Добавить в цитаты Настройки чтения

Страница 2 из 65

Охранник ждет сменщика, он почти уже отстоял, отходил, отзевал свои восемь часов, а я только начал позевывать. Голова тяжелеет, вот-вот упадет на грудь, веки наливаются дремой, я с трудом раздираю их — и вижу ее. Но только не во дворе особняка, а на дачной веранде. Она сидит вполоборота к столу, расставив разбухшие неповоротливые ноги, прикрытые сатиновым платьем, и ест малину. Я собрал ее в звонком утреннем саду, отгибая ветви, стараясь не пораниться о колючки, срывая ягоды, спрятавшиеся во влажной от росы тенистой глубине, и только те, которые налились бордовой сладкой влагой; некоторые уже слишком тяжелые и мягкие, и когда я пытаюсь сорвать их, они выскальзывают и падают на землю. Я не подбираю их. Другие еще тверды, они ждут своего часа, и я запоминаю их места — к завтрашнему утру они должны дозреть…

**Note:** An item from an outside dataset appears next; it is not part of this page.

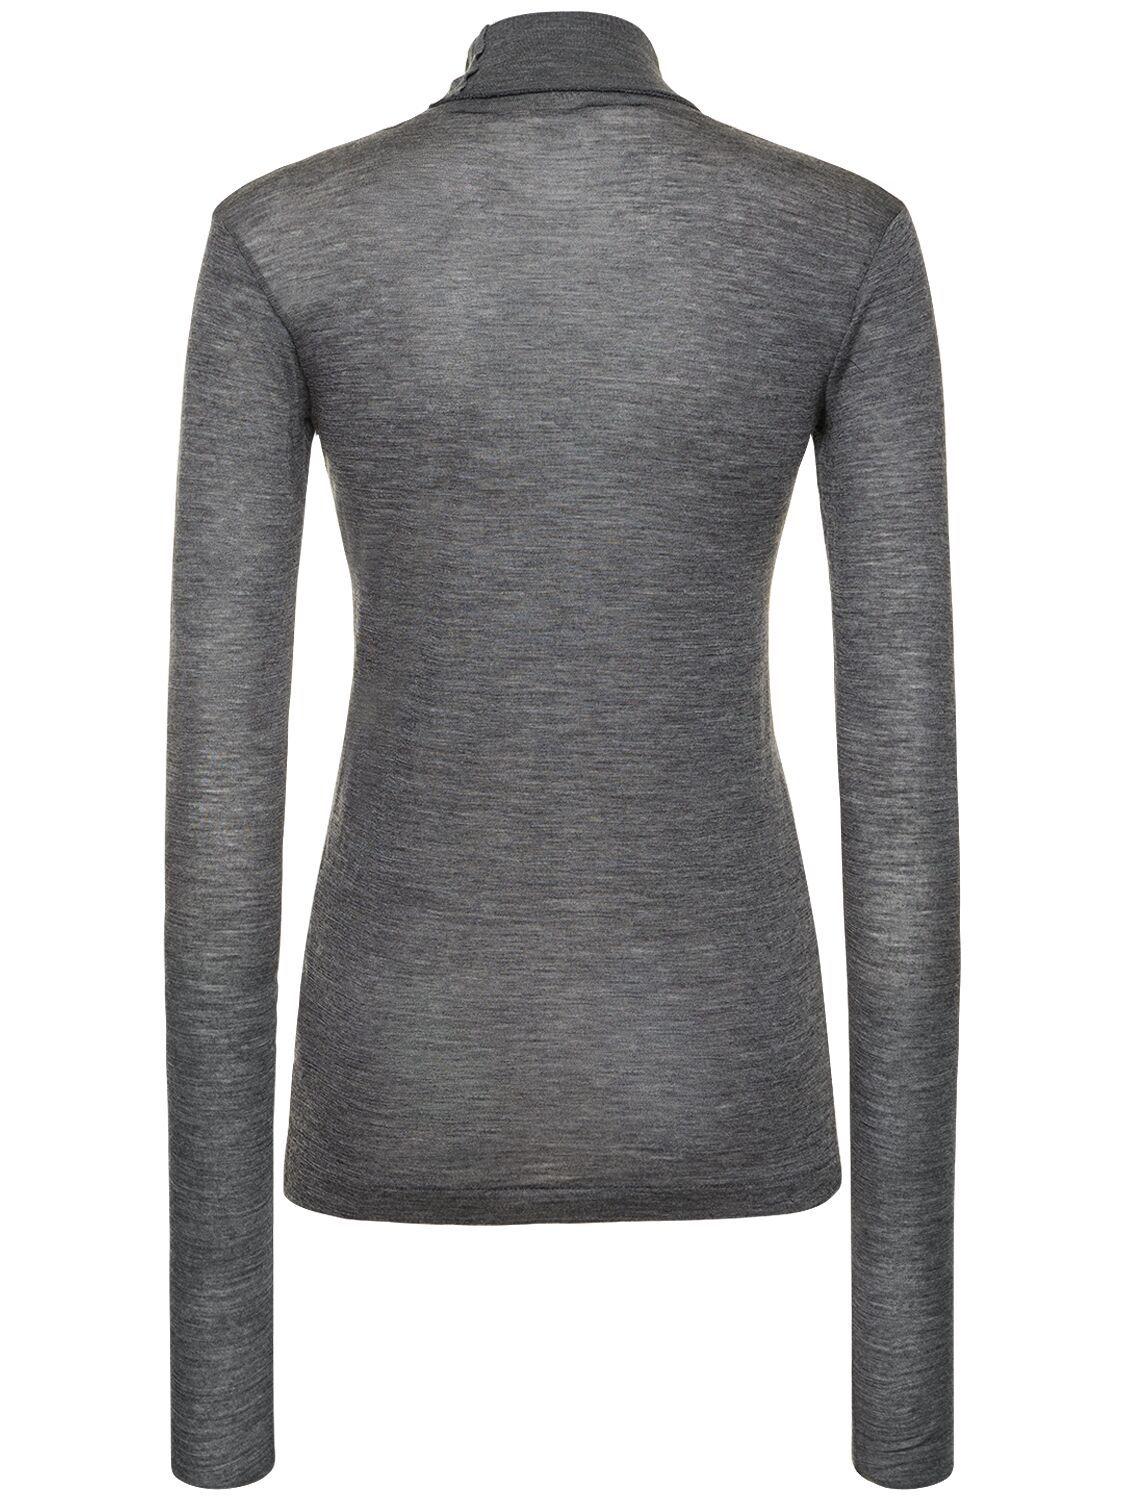 AURALEE Super Soft Sheer Wool Jersey Top in Gray | Lyst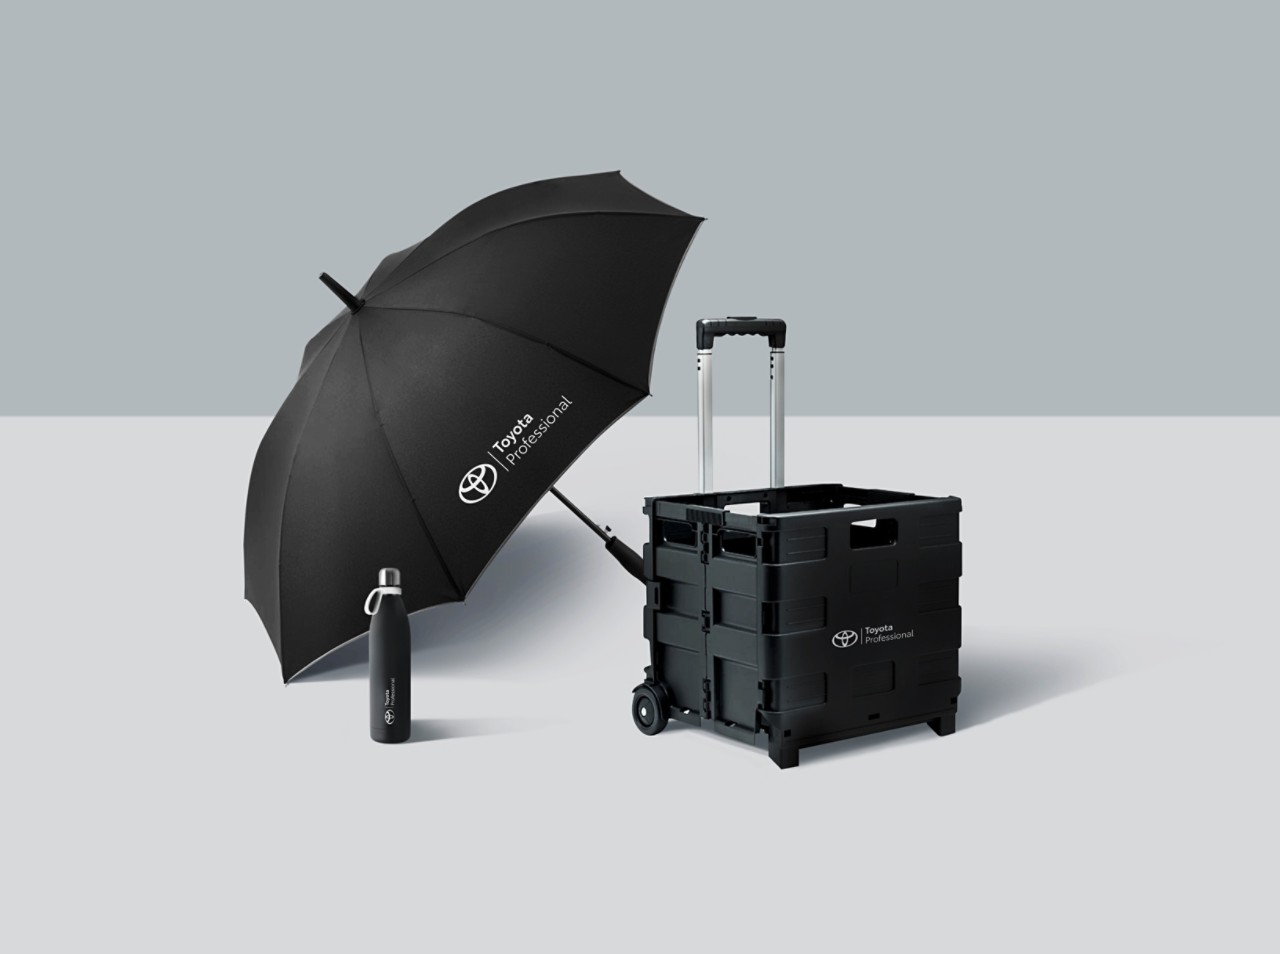 Toyota Professional zīmola lietussargs, ūdens pudele un ratiņi

Я собираю ягоды в большую жестяную кружку с прогнутым дном. Она стоит на скамейке возле плиты, рядом с ведром, которое должно быть все время полно водой, и потому по нескольку раз в день я беру ведро, ставлю под гнутую толстую трубу и, ухватившись обеими руками за ржавый журавль колодца, с силой толкаю его вниз. Поначалу труба сипит, в глубине что-то чавкает, полнится, наливается силой, и вот уже журавль тяжелеет; навалившись всем телом, я опускаю его, из трубы в днище ведра бьет струя, а потом еще и еще, капли летят в стороны, падают на деревянные доски колодца — они всегда, даже в самую жару, прохладны, потому что холодом и влагой тянет из глубины

Малину я собираю для нее, ведь она перемещается с трудом даже с веранды на кухню. Добравшись до конца забора, вдоль которого растут кусты, бегу к веранде, где она уже сидит и ждет, а потом ест — медленно, с разбором, выбирает ягоды посочней, взгляд мутнеет, полные губы, обычно синевато-венозные, наливаются темно-бордовой кровью…

В привычном однообразном шуме улицы я различаю резкие обертоны. Вздрагиваю, разлепляю веки. Двое остановились на улице возле ворот и, громко переговариваясь, дергают за ручку. Вскакиваю, открываю, задаю положенные вопросы, проверяю у дамы — сумочку, у мужчины — рюкзак. Закрываю ворота, снова сажусь на стул. Душно. Над городом зависло темно-желтое марево, но ветви клена начинают уже перешептываться, еще немного, и они дружно возропщут, небосвод потемнеет, ветер погонит по улице песчаную пыль, на каменных плитах двора закружат опавшие, обожженные жарой лепестки — они падают с кустов, высаженных вдоль забора, покрытых фиолетовыми крупными цветами. Каждое утро Махмуд собирает их в совок вместе с сигаретными окурками, грязными салфетками, фантиками — ошметками вчерашнего вечера, но они снова устилают камень двора, и Махмуд, устало бормоча под нос арабские ругательства, все подбирает и подбирает их.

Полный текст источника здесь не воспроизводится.